Saturday, May 3, 2014

Dropping tips while retaining the ancestors of remaining extant tips as singleton nodes

Luke Mahler asked the following:

"Do you know of a way to drop a terminal branch from a phylogeny, yet preserve the node it came from as a singleton node? I initially thought drop.tip(trim.internal=F) would do this, but it does something a little different, apparently (it preserves internal branches that become tips by pruning, but not nodes that would become singleton nodes)."

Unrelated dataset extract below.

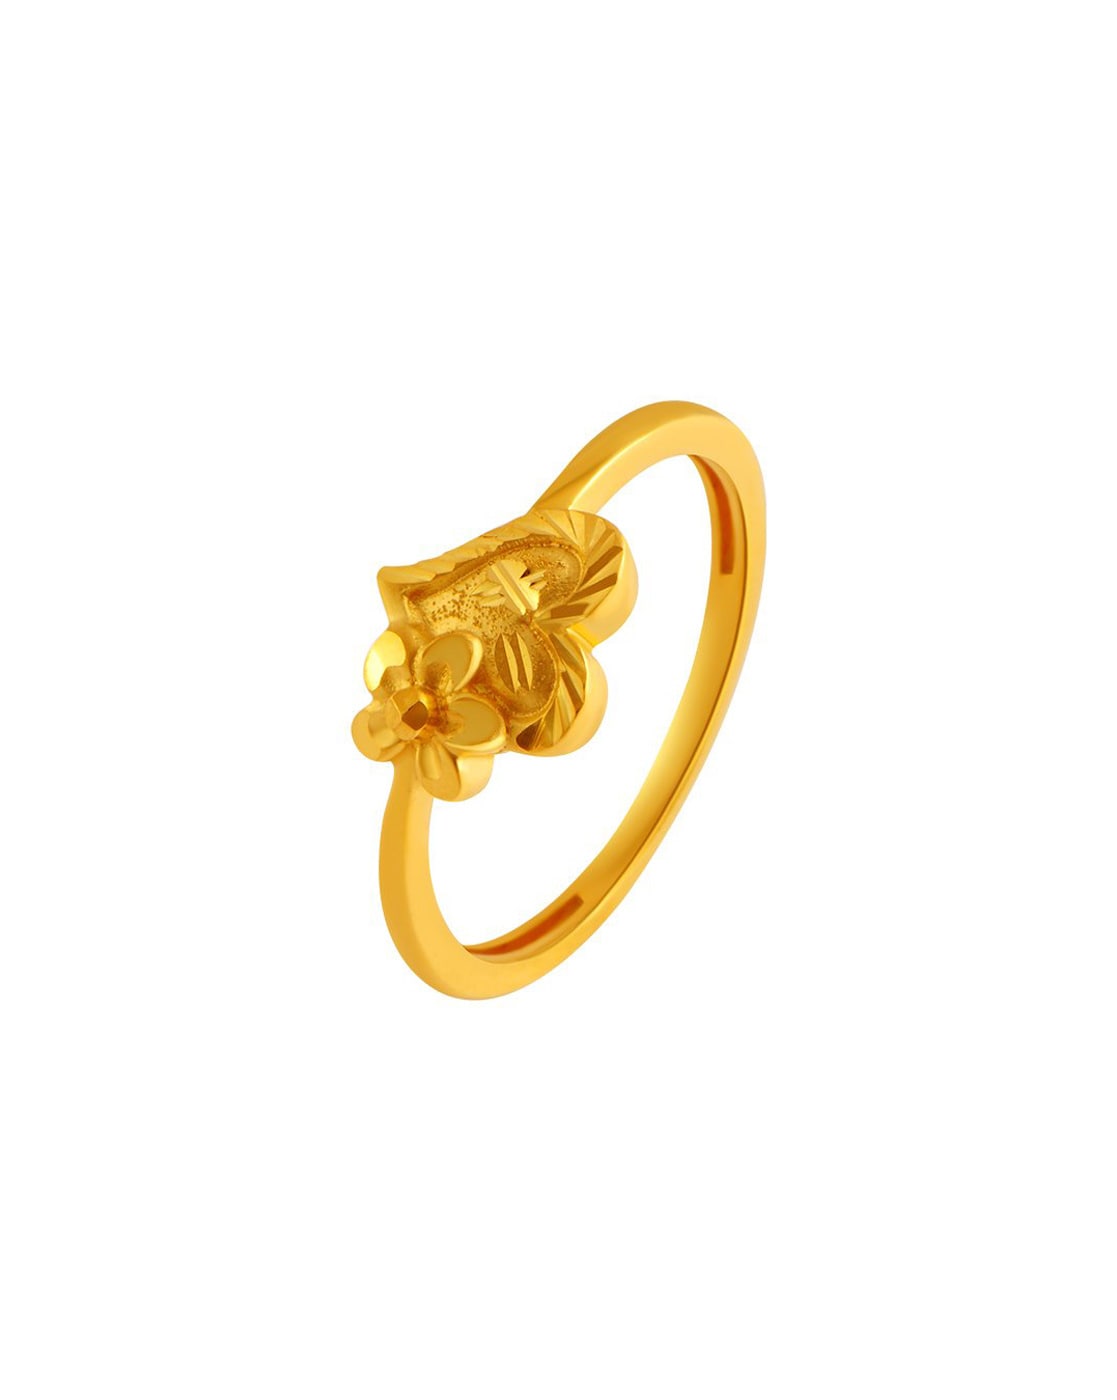 Valentine's day gifts for her | 22K Heart motif gold ring ? PC Chandra
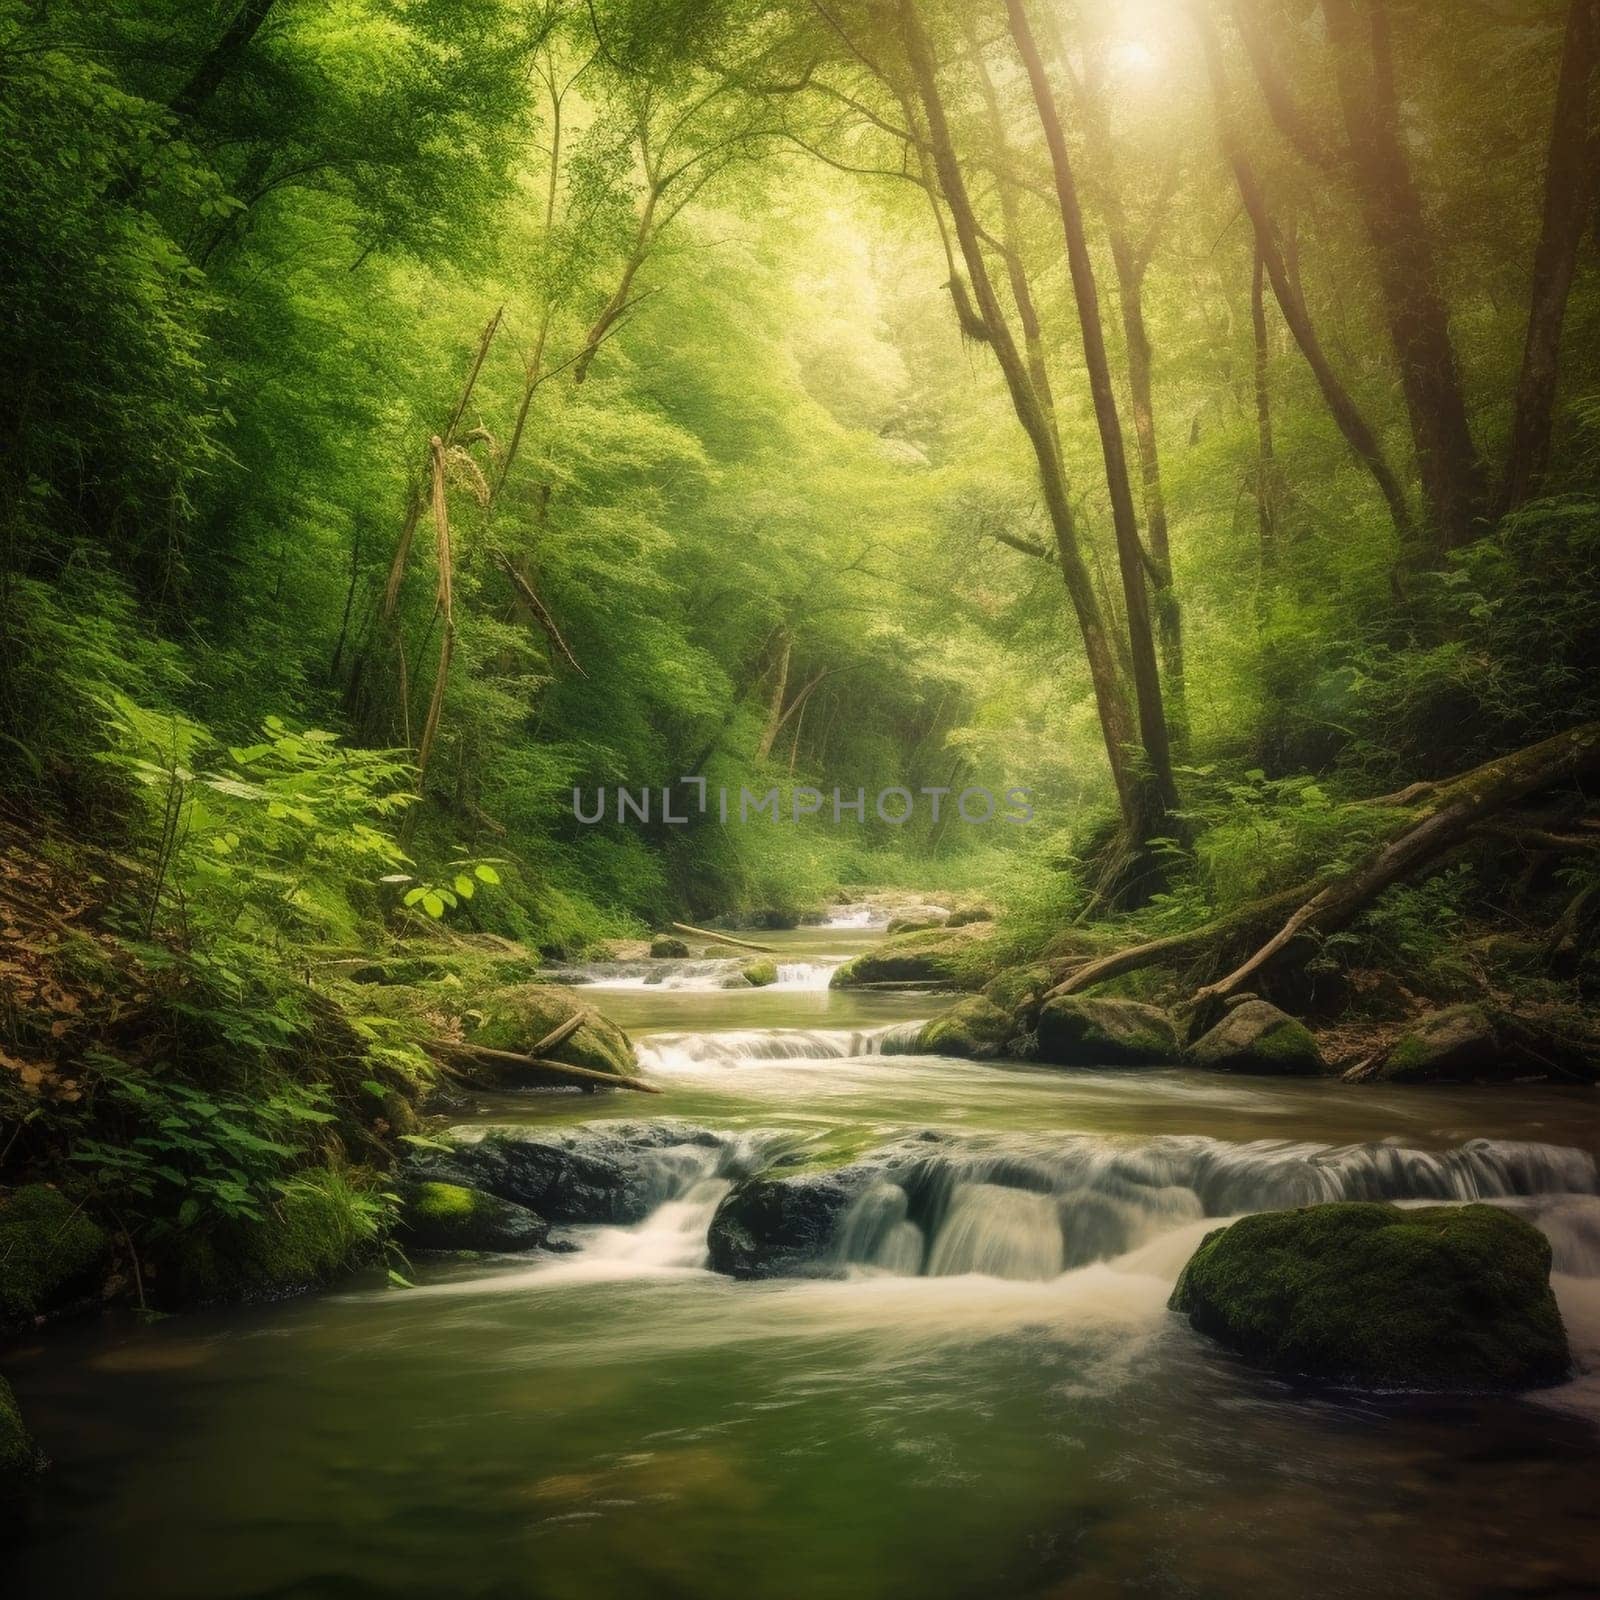 This image depicts a serene river flowing through a lush green forest, with a waterfall cascading in the background. It celebrates World Water Day and inspires people to take action in preserving our planet's water resources. Clean and accessible water is essential for life and is a human right. However, water scarcity, pollution, and climate change threaten the availability and quality of water resources around the world. This image serves as a reminder of the beauty and importance of water and encourages individuals and communities to take action in protecting and conserving this precious resource.

In the simple case in which we just want to drop one tip, this is relatively straightforward. We just have to drop the corresponding row & element from tree$edge, tree$edge.length, and tree$tip.label, and then update our node & tip numbers in tree$edge to follow the "phylo" object convention. However, generalizing to drop an arbitrary number of tips (while retaining all ancestral nodes to extant tips, regardless of whether they now have one or multiple descendants) now becomes a little bit trickier. Here is my function for this:

drop.tip.singleton<-function(tree,tip){
  N<-length(tree$tip.label)
  m<-length(tip)
  ii<-sapply(tip,function(x,y) which(y==x),y=tree$tip.label)
  tree$tip.label<-tree$tip.label[-ii]
  ii<-sapply(ii,function(x,y) which(y==x),y=tree$edge[,2])
  tree$edge<-tree$edge[-ii,]
  tree$edge.length<-tree$edge.length[-ii]
  tree$edge[tree$edge<=N]<-
    as.integer(rank(tree$edge[tree$edge<=N]))
  tree$edge[tree$edge>N]<-tree$edge[tree$edge>N]-m
  N<-N-m
  if(any(sapply(tree$edge[tree$edge[,2]>N,2],"%in%",
    tree$edge[,1])==FALSE)) internal<-TRUE
  while(internal){
    ii<-which(sapply(tree$edge[,2],"%in%",c(1:N,
      tree$edge[,1]))==FALSE)
    nn<-sort(tree$edge[ii,2])
    tree$edge<-tree$edge[-ii,]
    tree$edge.length<-tree$edge.length[-ii]
    for(i in 1:length(nn)) tree$edge[tree$edge>nn[i]]<-
      tree$edge[tree$edge>nn[i]]-1
    tree$Nnode<-tree$Nnode-length(ii)
    if(any(sapply(tree$edge[tree$edge[,2]>N,2],
      "%in%",tree$edge[,1])==FALSE)) internal<-TRUE
    else internal<-FALSE
  }
  tree
}

Now try it:

> tree<-pbtree(n=26,tip.label=LETTERS)
> plotTree(tree)
> tip<-sample(LETTERS,10)
> tip
[1] "N" "M" "F" "I" "Z" "R" "P" "S" "G" "W"
> tt<-drop.tip.singleton(tree,tip)
> plotTree.singletons(tt)

This seems to be the correct result.

5 comments:

  1. This works in most cases, but it has a small bug. I believe I have already fixed it & I will post the code shortly.

    ReplyDelete
    Replies
    1. Thanks Liam, it worked for me! I haven't used "plotTree.singletons()" yet and will play around with it. Is it flexible at all? (i.e., can it take any of the standard plot.phylo() parameters?)

      Delete
    2. Hi Luke. The fixed code (already sent to you via email) is here.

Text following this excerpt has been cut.